= Data =

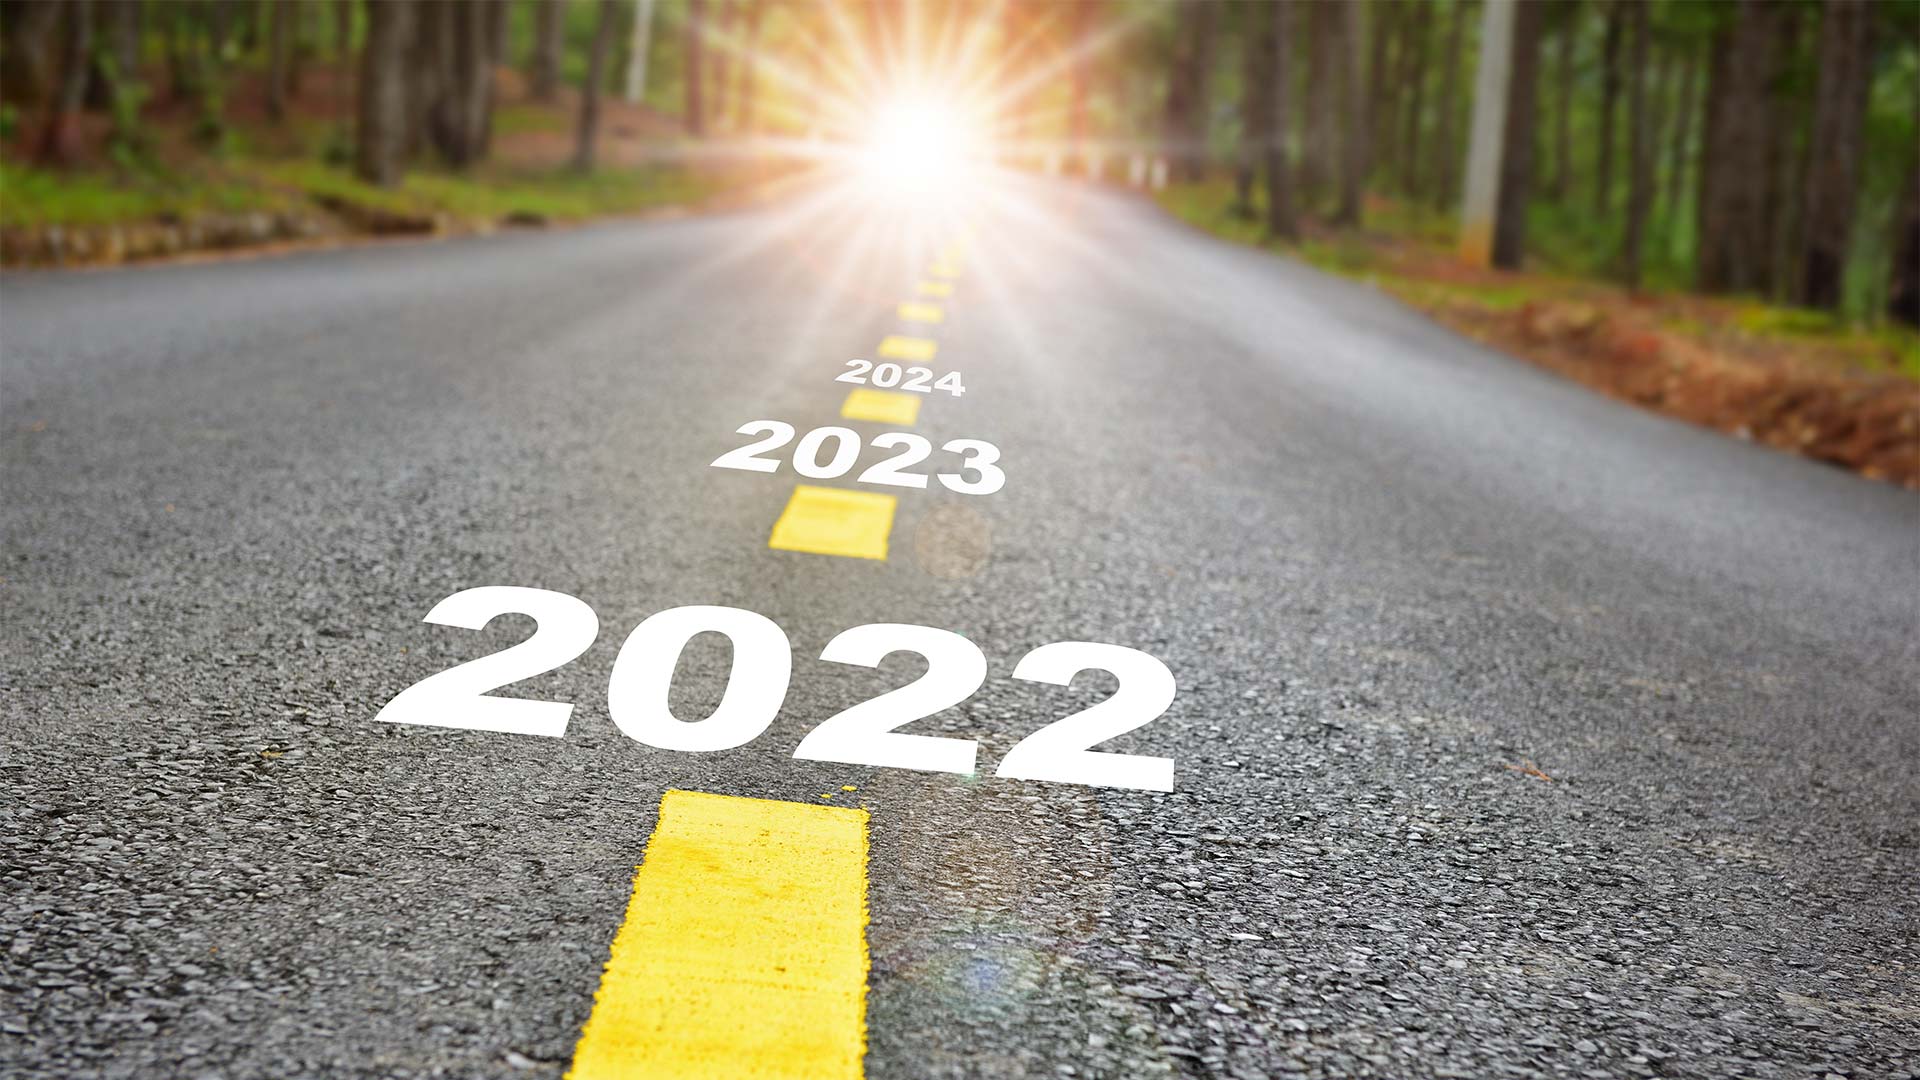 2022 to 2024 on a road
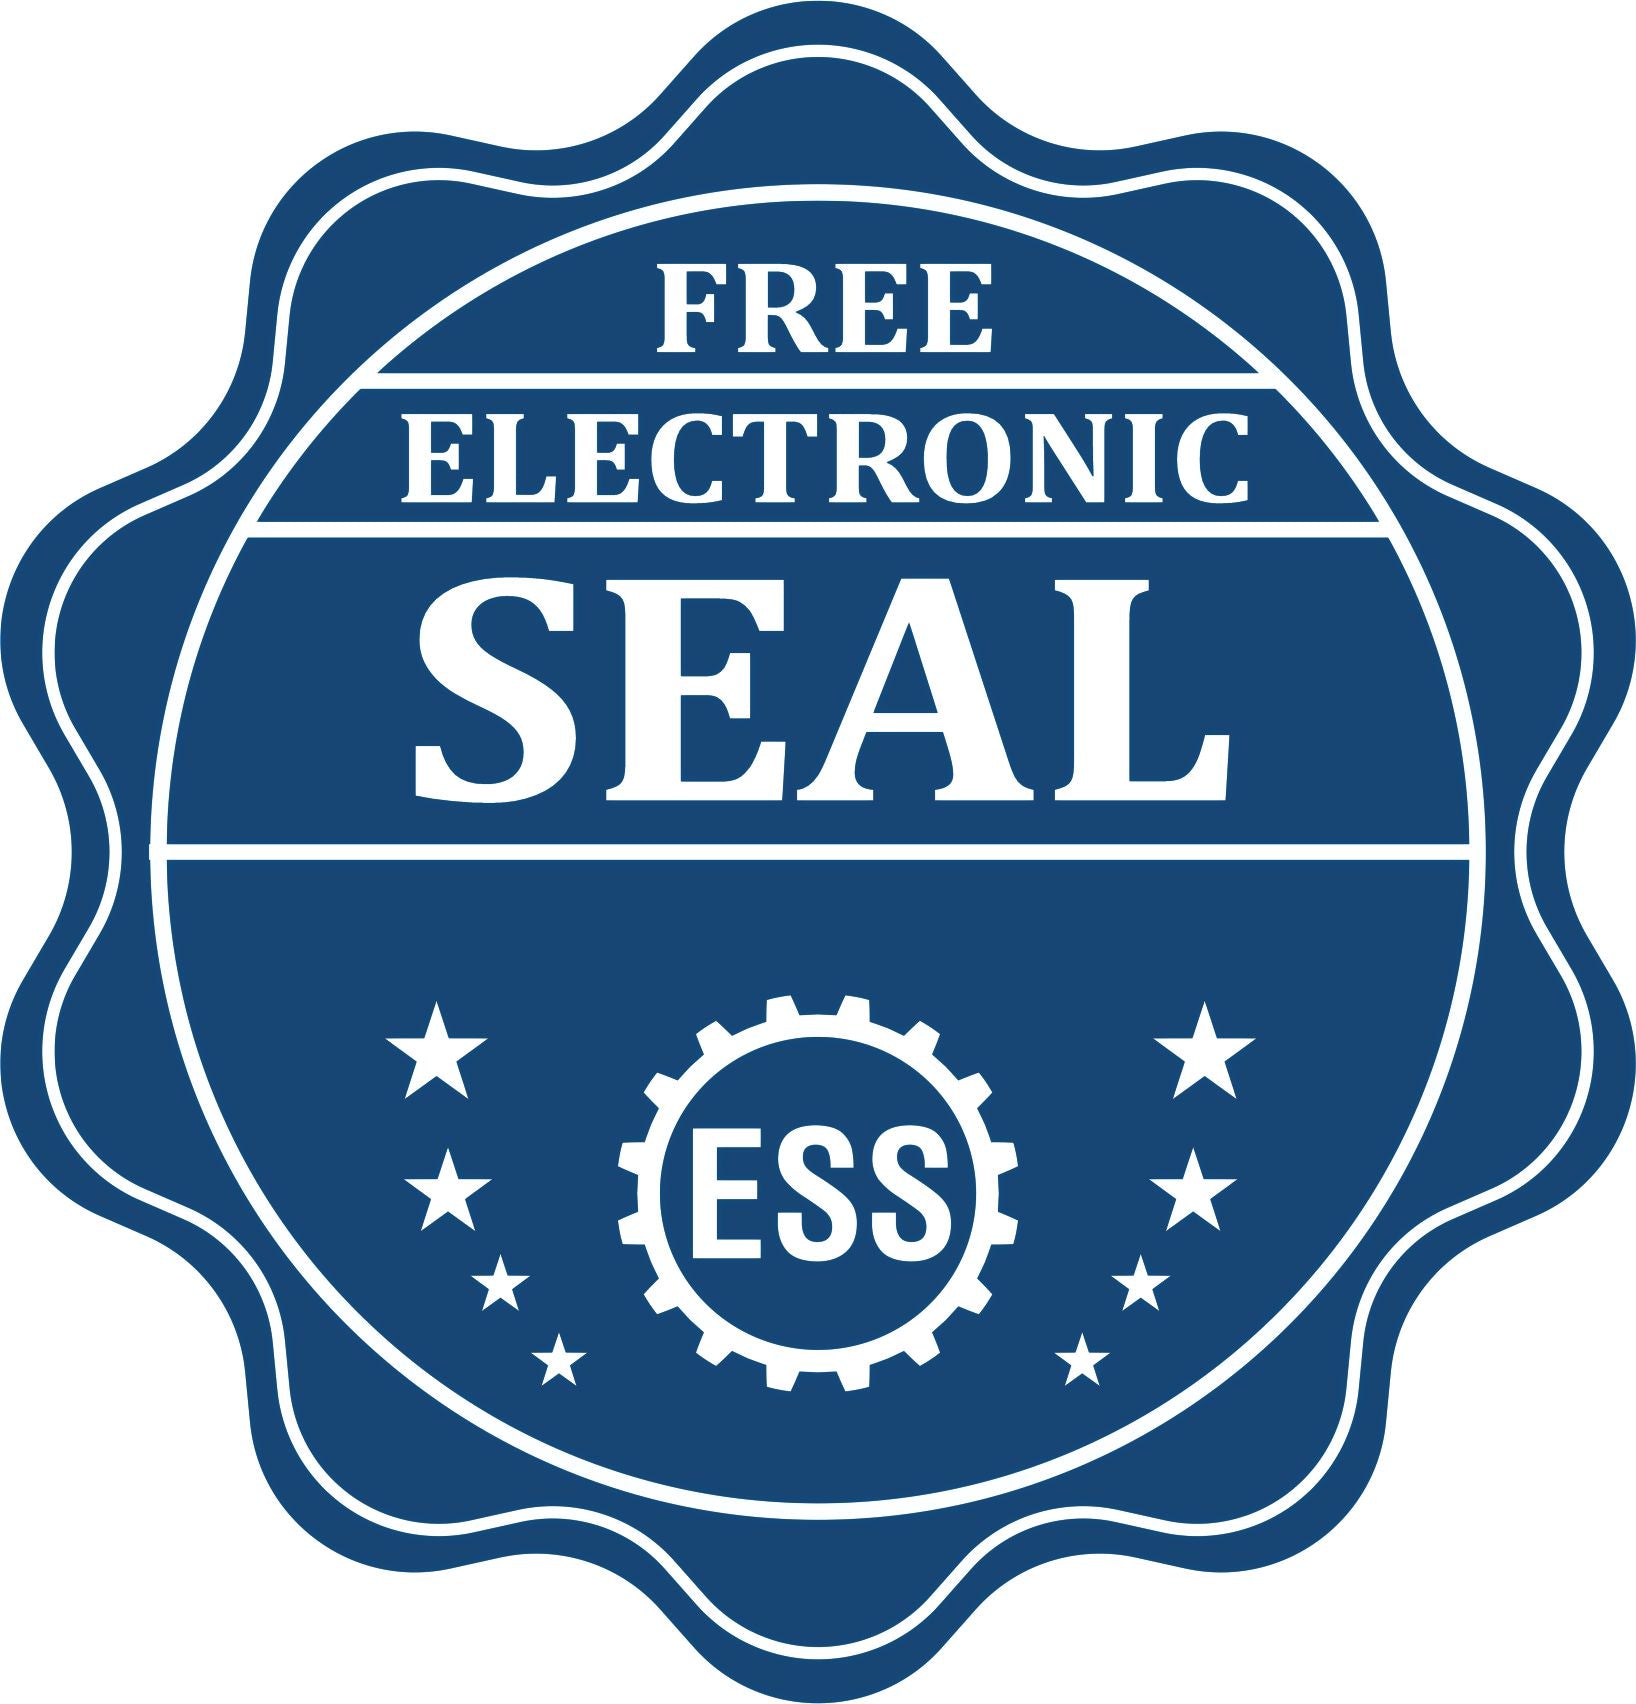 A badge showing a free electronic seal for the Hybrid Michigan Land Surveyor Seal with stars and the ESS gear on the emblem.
* * *
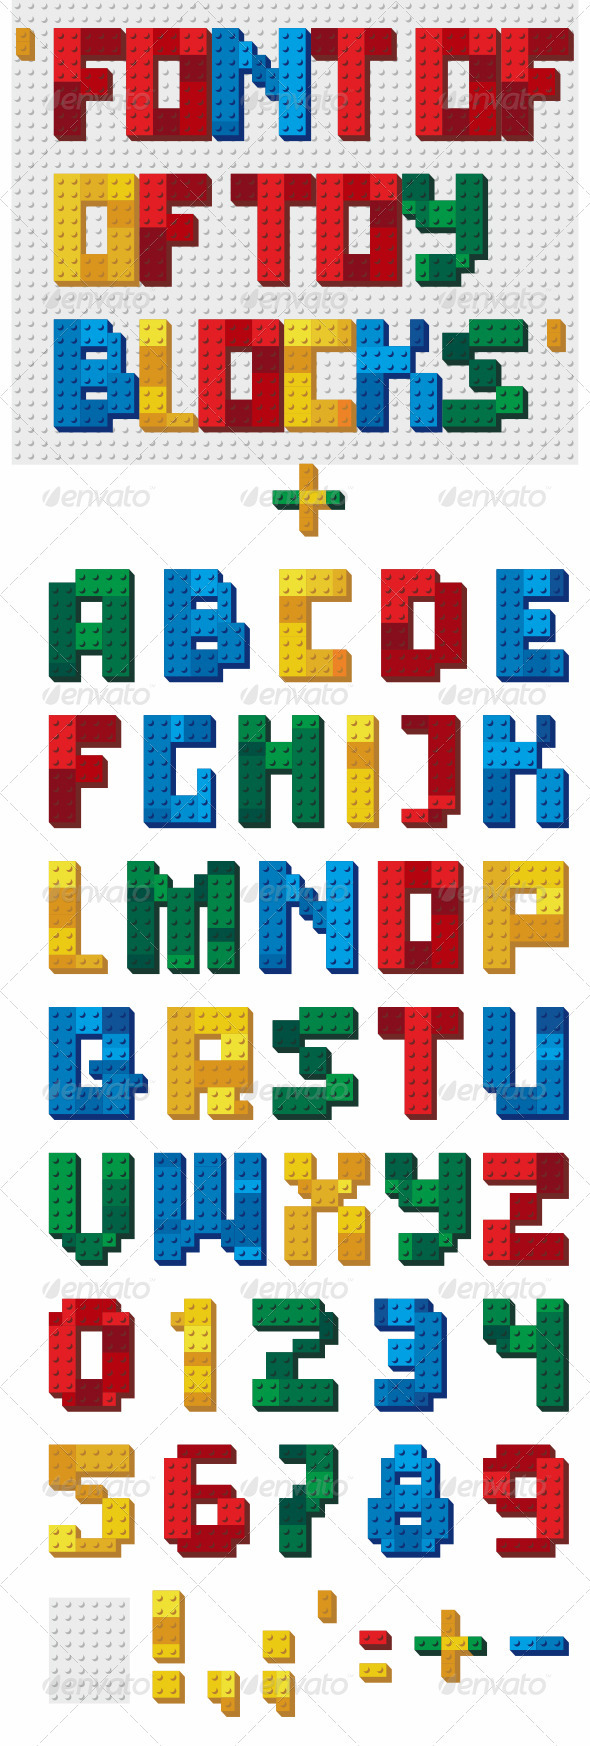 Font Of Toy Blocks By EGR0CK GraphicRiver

= Task item =
From the data above, retype only the lines starting with the line with "2022 to 2024 on a road" and going on through the line with "A badge showing", exactly, leaving out the pictures.

= Answer =
 2022 to 2024 on a road
 A badge showing a free electronic seal for the Hybrid Michigan Land Surveyor Seal with stars and the ESS gear on the emblem.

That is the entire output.